Was ich aber eigentlich erzählen will: Ich habe in meinem Leben schon überall in Nordafrika Kondome käuflich erworben, wie man im Kapitalismus so schön sagt. In Deutschland geht man dafür in den Supermarkt (und wundert sich über die limitierte Auswahl) oder in die Drogerie (und ärgert sich über die horrenden Preise) oder zum Automaten (der auch im Jahr 2022 weiterhin nur 2-Euro-Stücke nimmt, die man natürlich nie dabeihat). In Tunesien, Algerien, Ägypten und Marokko geht man für Kondomshopping in die Apotheke. Dort wird man als Kund*in schnell in mal unangenehme und mal erkenntnisreiche Gespräche verwickelt.
Die Sonne knallte erbarmungslos auf meinen Kopf, und ich irrte bei einer Recherche mitten in der Hauptstadt Tunesiens umher. Ich starrte - von der Hitze benommen - auf die Menschen, die an einer Tram-Haltestelle herumschwirrten. Im Geografieunterricht in Marokko hatte ich vier Fakten über sie gelernt: Die Tunesier*innen leben in einem kleinen Land, haben mit das höchste Pro-Kopf-Einkommen Nordafrikas, werden von einem autokratischen Polizeistaat unterdrückt, und sie können null kochen. Das mit der Autokratie war seit August 2013 fürs Erste Geschichte, der Rest stimmte.
Den Tunesier*innen wird auch nachgesagt, dass sie - gesellschaftlich betrachtet - besonders progressiv seien. Frauenrechte, Religionsfreiheit und sexuelle Befreiung: alles easy und viel besser als in so manchem Mitgliedsstaat der Europäischen Union, wie Polen zum Beispiel. Immerhin hatte Habib Bourguiba, Tunesiens erster Präsident nach der Unabhängigkeit von der französischen Besatzung, im Fastenmonat Ramadan tagsüber und öffentlich einen Orangensaft geschlürft und eine Zigarette dazu geraucht. Diese geschmacklich fragwürdige Kombination fand im Jahr 1958 statt. Zur damaligen Zeit undenkbar in einem anderen mehrheitlich muslimischen Land, heutzutage hier und da auf jeden Fall unmöglich.

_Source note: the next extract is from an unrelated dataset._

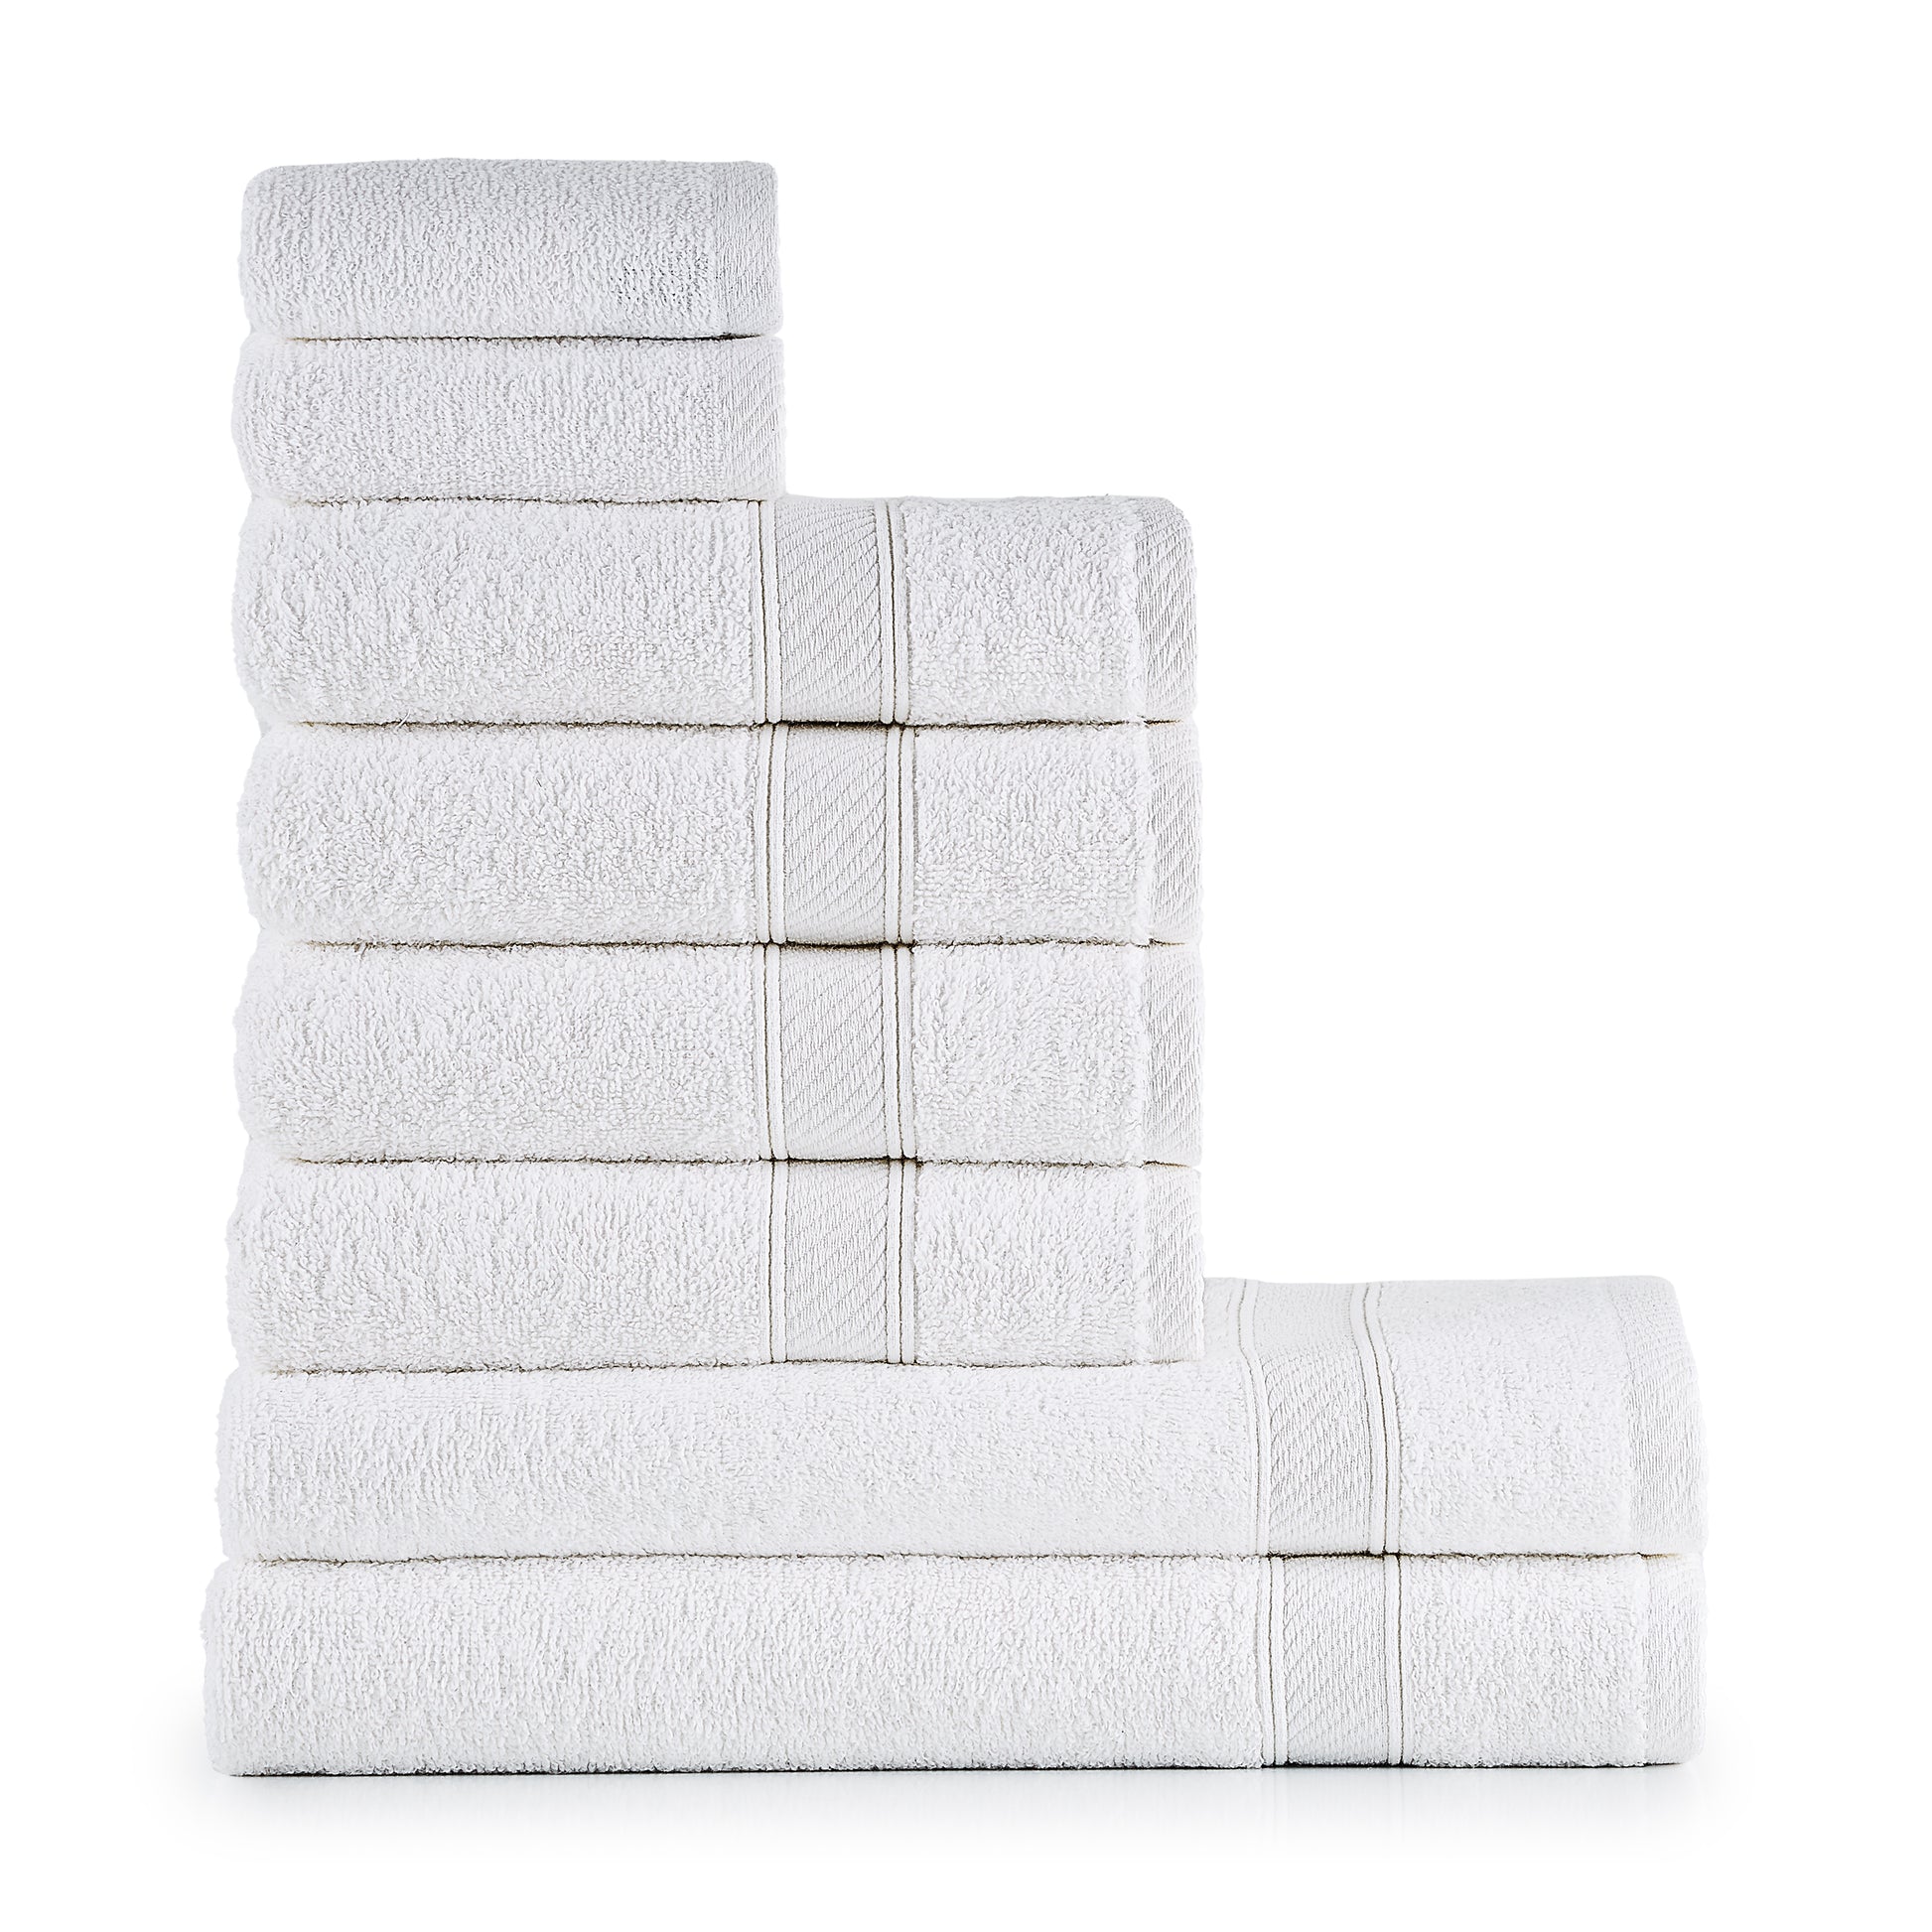 Handtücher Set Weiß 8-TLG: Luxus Duschhandtücher aus 100% Baumwolle

Also stieß ich - das Image der grenzenlosen Progressivität Tunesiens im Hinterkopf - mit Schwung die Tür zur kleinen Apotheke an der Tram-Haltestelle auf. Jede noch so kurze Pause vor den Sonnenstrahlen war willkommen, und ich wollte sowieso eine Packung Sodbrennen-Blocker (die tunesische Küche ist wirklich nicht mein Ding) und Kondome kaufen.

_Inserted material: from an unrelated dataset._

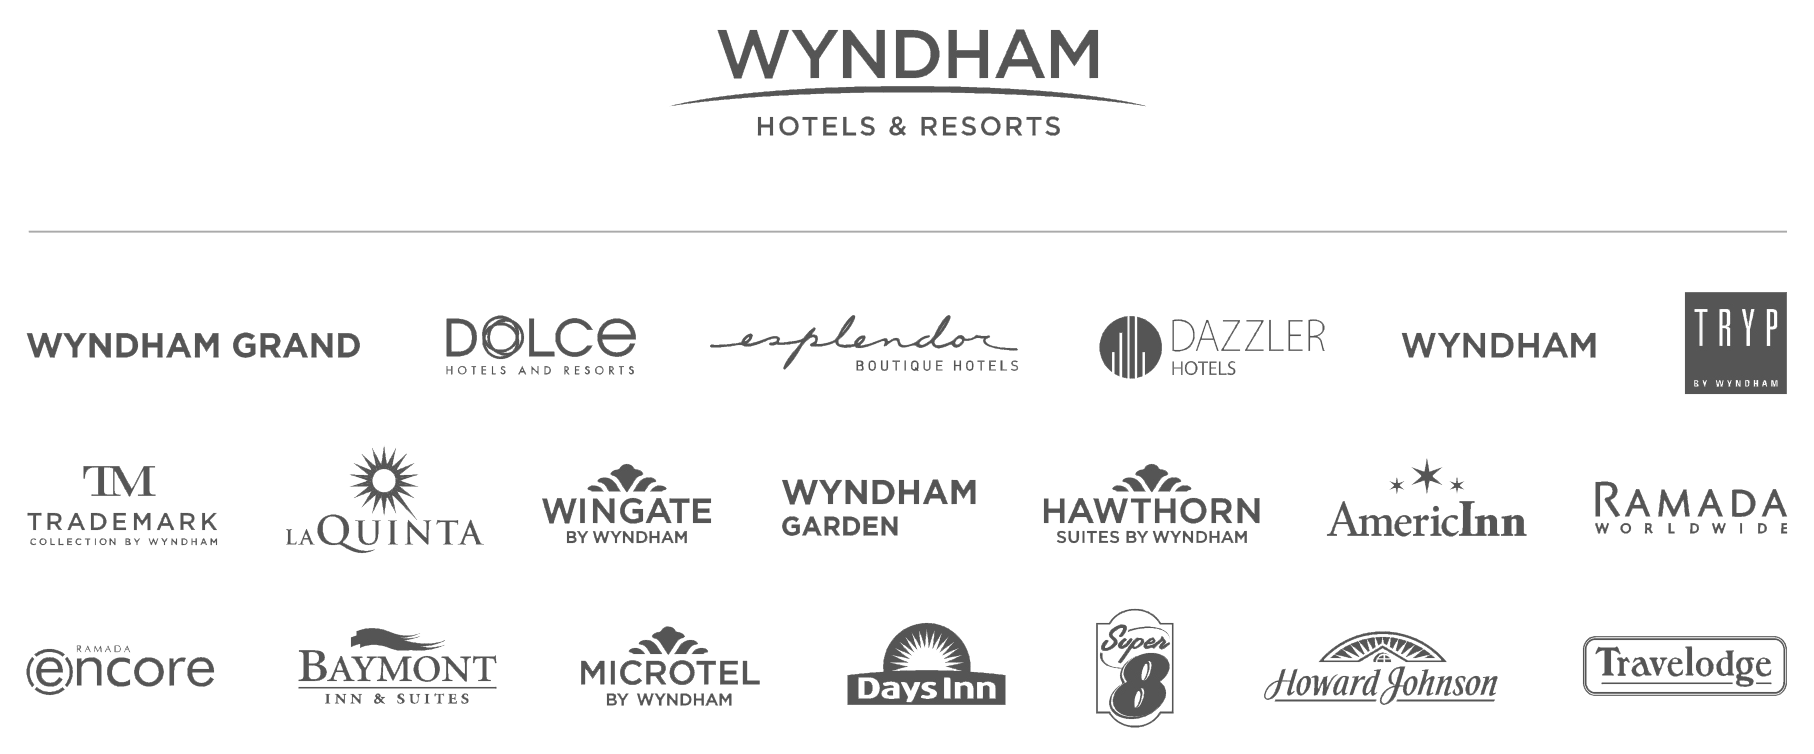 Wyndham Brands

Hinter der chaotischen Glastheke, in der sich alte Flaschen mit Sonnenmilch und Babymilchpulver stapelten, lugte ein Mann hervor. Er hatte eine kleine weiße Gebetsmütze auf, die ihn direkt als orthodox-gläubig erkennbar machte. Dabei hätte er den Strickstoff auf dem Kopf gar nicht dafür gebraucht: Am minutiös-gerade rasierten 8-Tage-Bart und dem beachtlich großen und dunklen Gebetsfleck auf der Stirn konnte ich schnell erkennen, dass es sich hier um einen besonders überzeugten Bruder handelte. In Nordafrika wird zwischen jenen »Geschwistern« differenziert, die für sich orthodox leben, und anderen, die politisch ihren Glauben der Gesellschaft aufzwingen wollen. Vom parteipolitischen Islam haben sich - Allah sei dank - in den vergangenen Jahren immer mehr Menschen in der Region abgewendet. Schon damals wusste ich, dass sich einige von ihnen durch eine Art Schönheitsoperation den Gebetsfleck auf der Stirn vergrößern ließen. Je imposanter der Fleck, desto ausgiebiger und intensiver der Niederwurf vor Allah im Gebet. Oder eben nicht, wenn man chirurgisch nachhelfen muss.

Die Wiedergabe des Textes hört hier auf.